▸ To do
Return the data below exactly as given, except for the images.

▸ Given data

#####

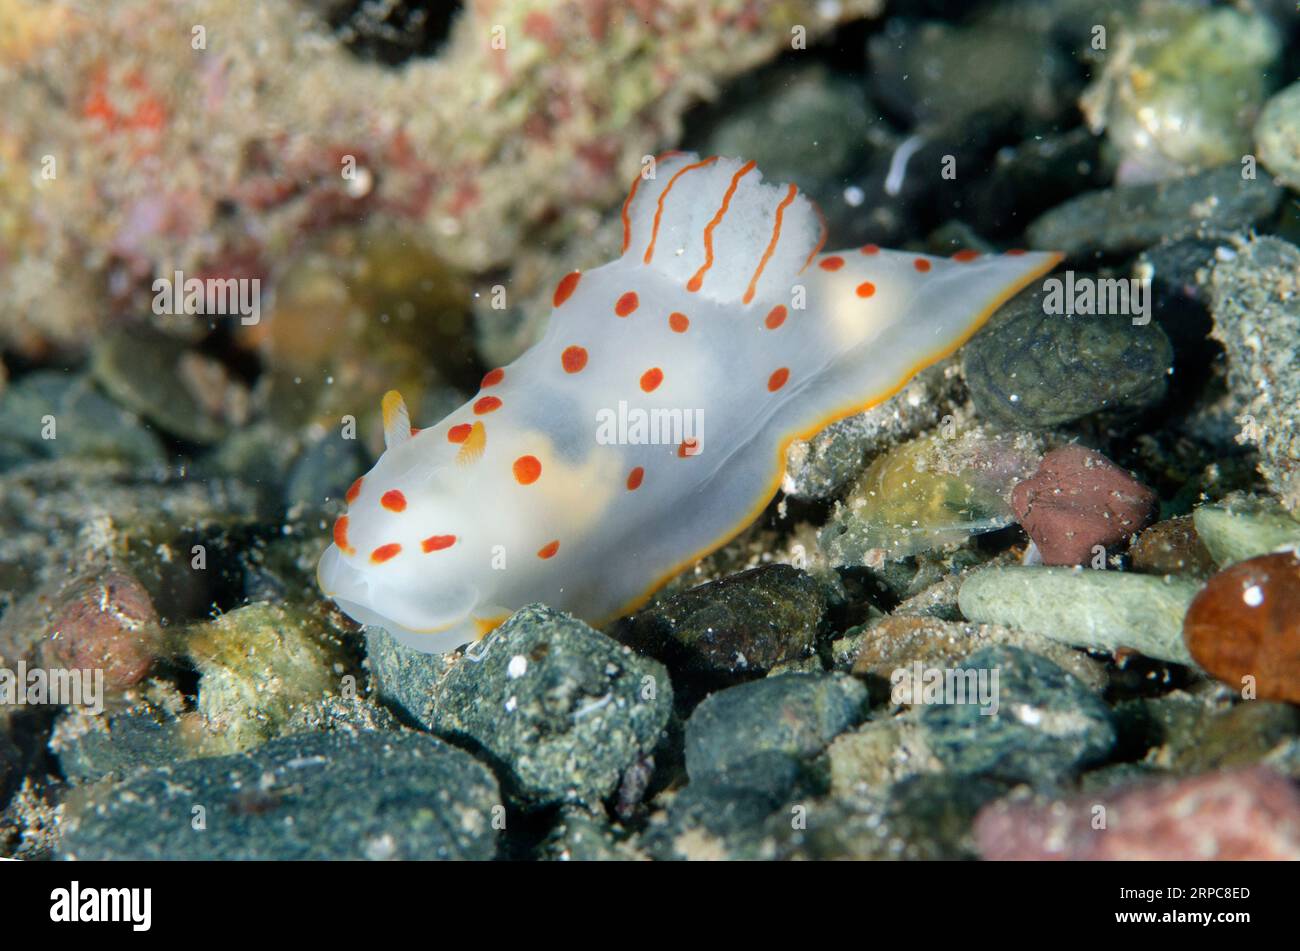 Ceylon Gymnodoris Nudibranch, Gymnodoris ceylonica, Gemaf dive site, Weda, Halmahera, North Maluku, Indonesia, Halmahera Sea Stock Photo
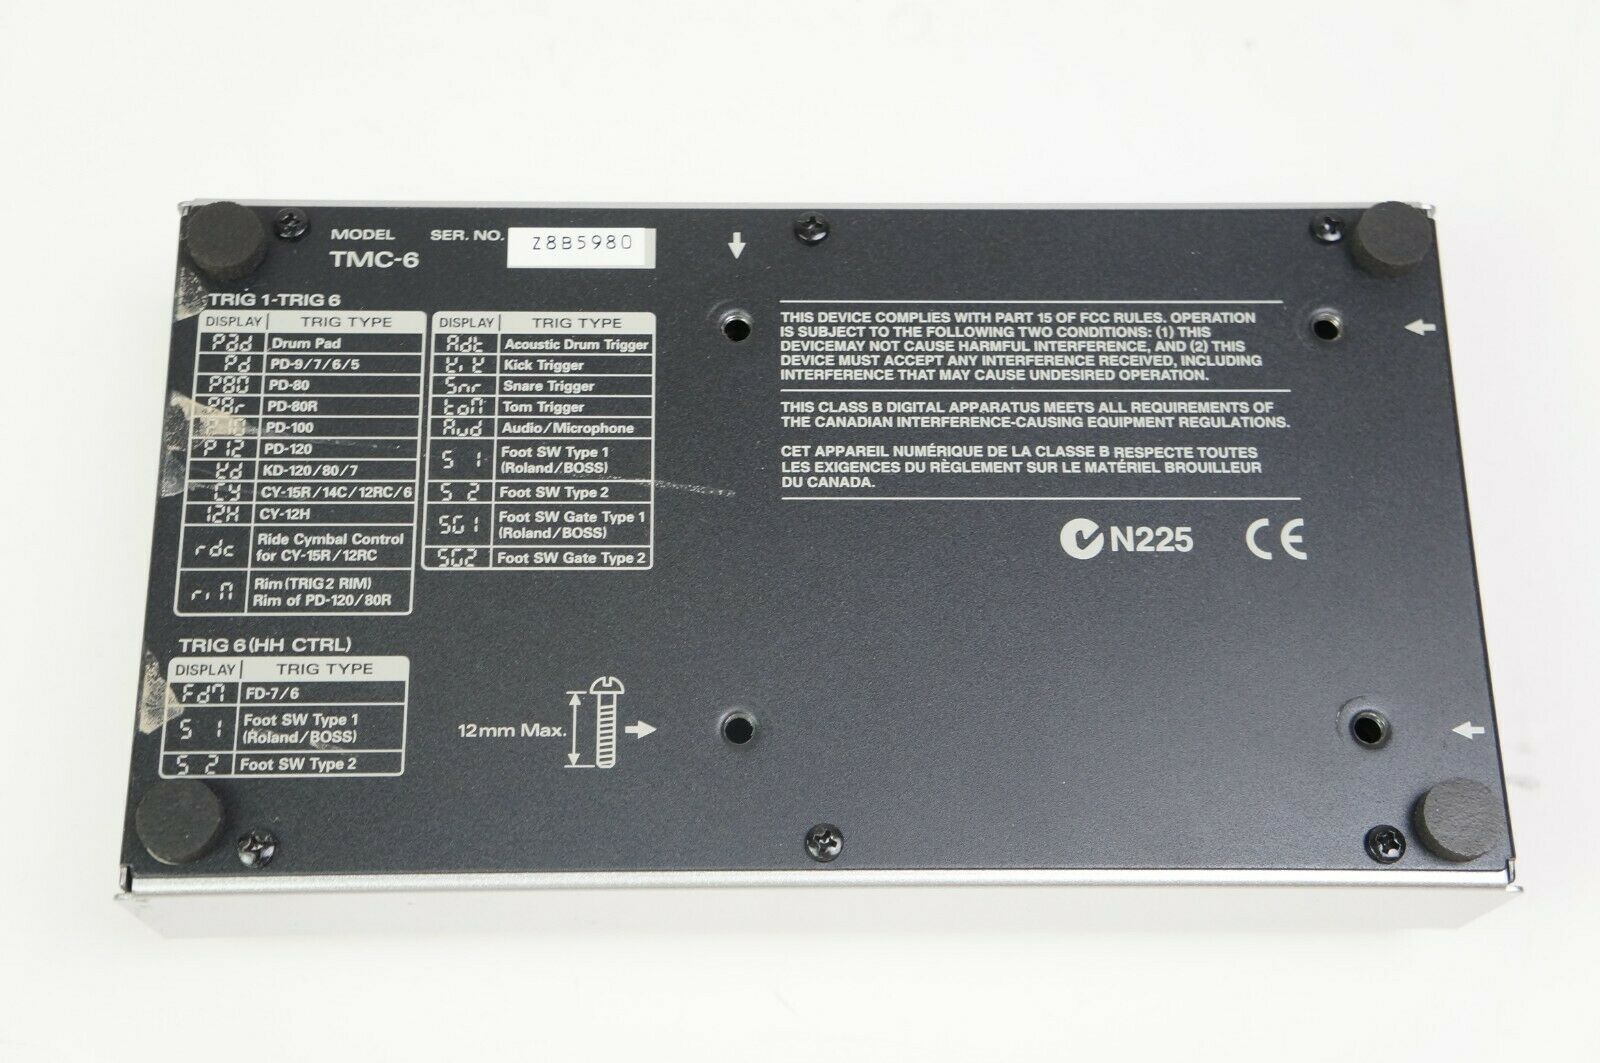 MATRIXSYNTH: Roland TMC-6 Trigger MIDI Converter SN Z885980
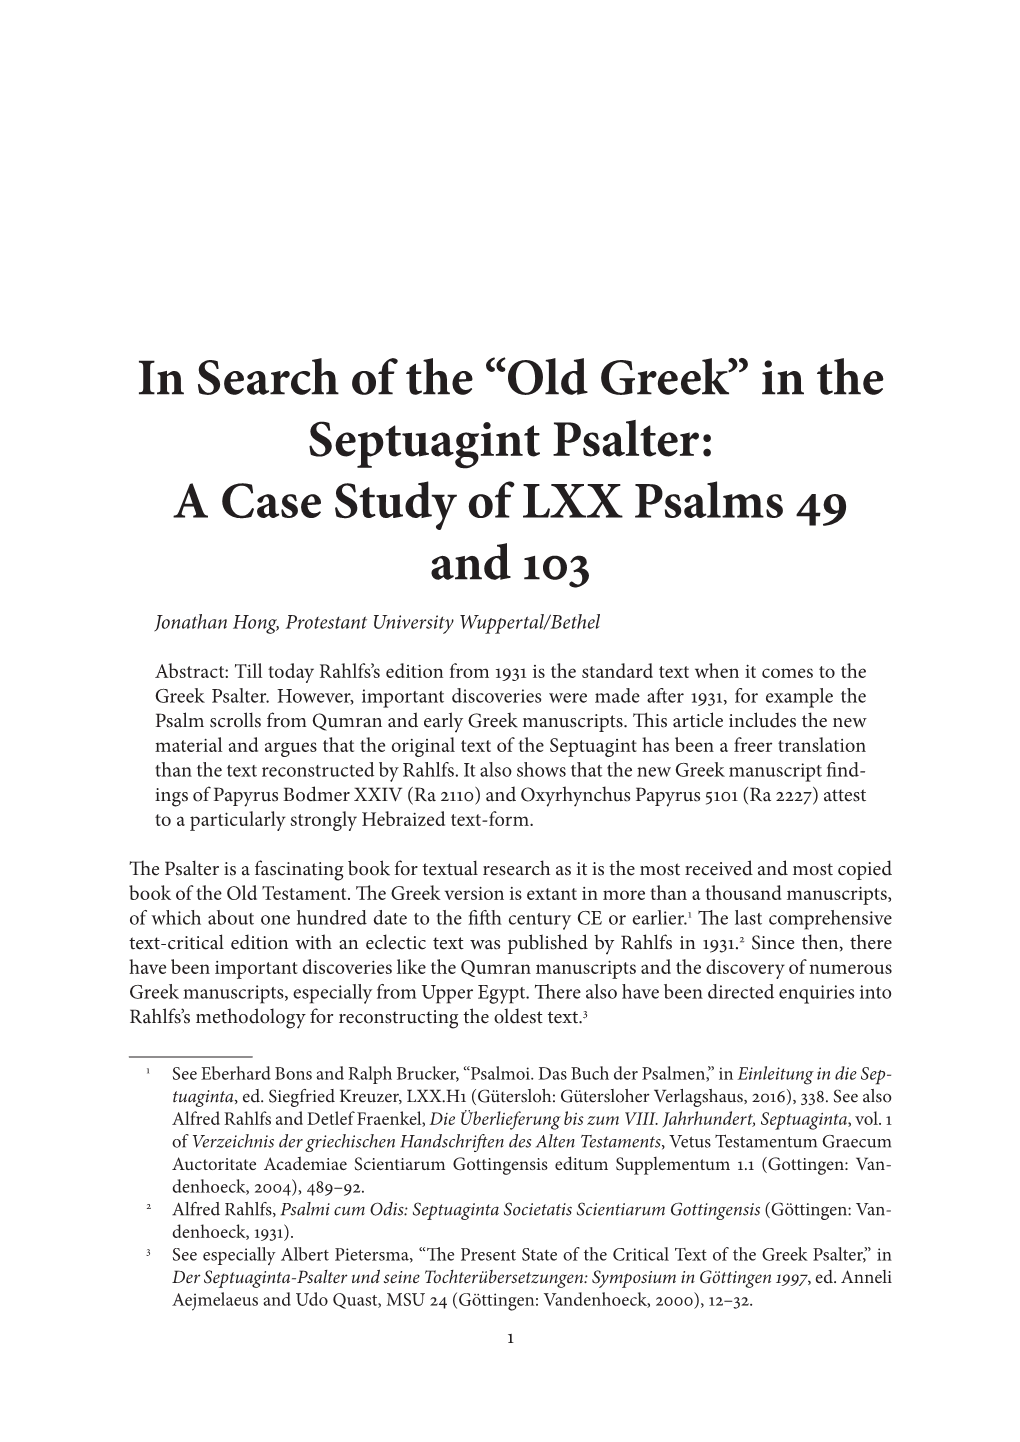 Old Greek' in the Septuagint Psalter
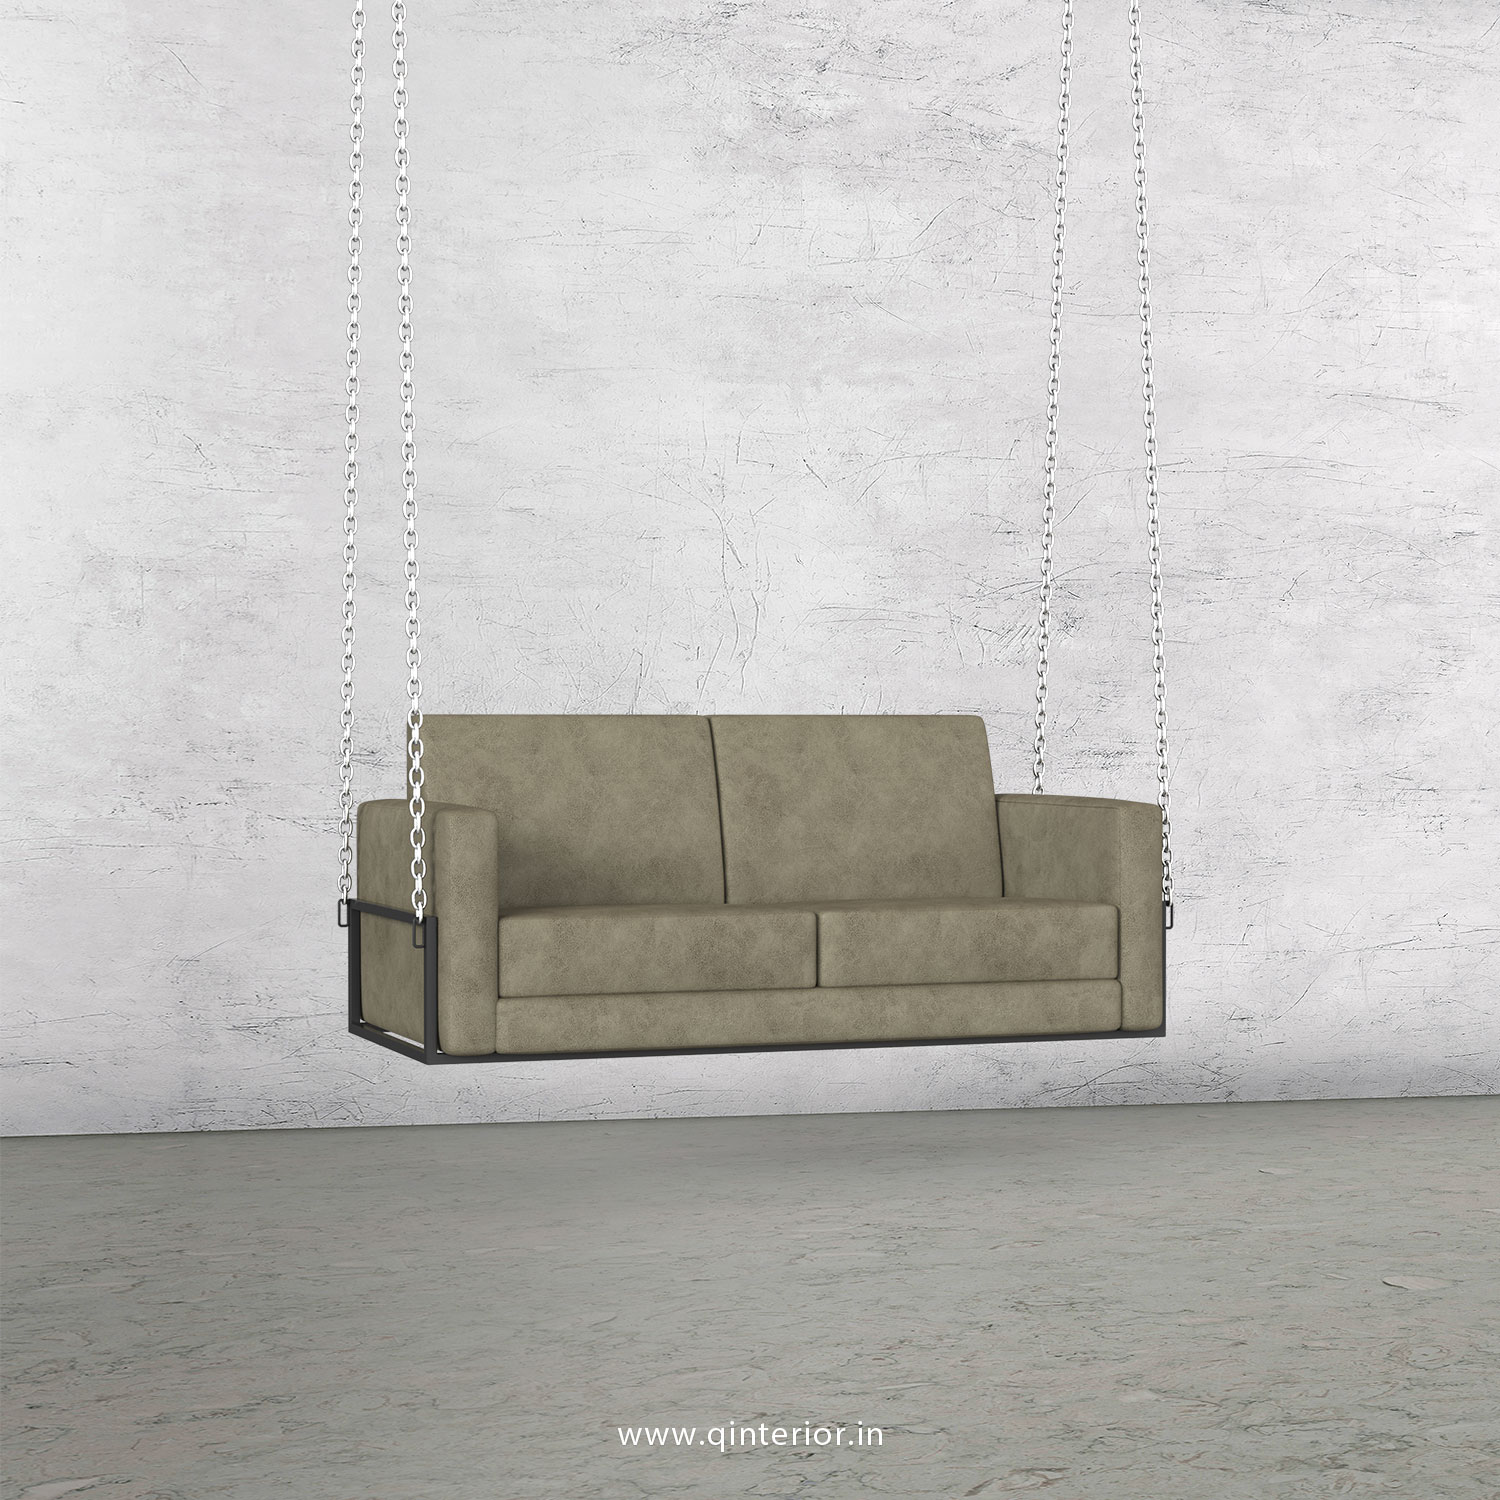 NIRVANA 2 Seater Swing Sofa in Fab Leather Fabric - SSF001 FL06

#####

▸ Exercise solution
 Ceylon Gymnodoris Nudibranch, Gymnodoris ceylonica, Gemaf dive site, Weda, Halmahera, North Maluku, Indonesia, Halmahera Sea Stock Photo
 MATRIXSYNTH: Roland TMC-6 Trigger MIDI Converter SN Z885980
 Old Greek' in the Septuagint Psalter
 NIRVANA 2 Seater Swing Sofa in Fab Leather Fabric - SSF001 FL06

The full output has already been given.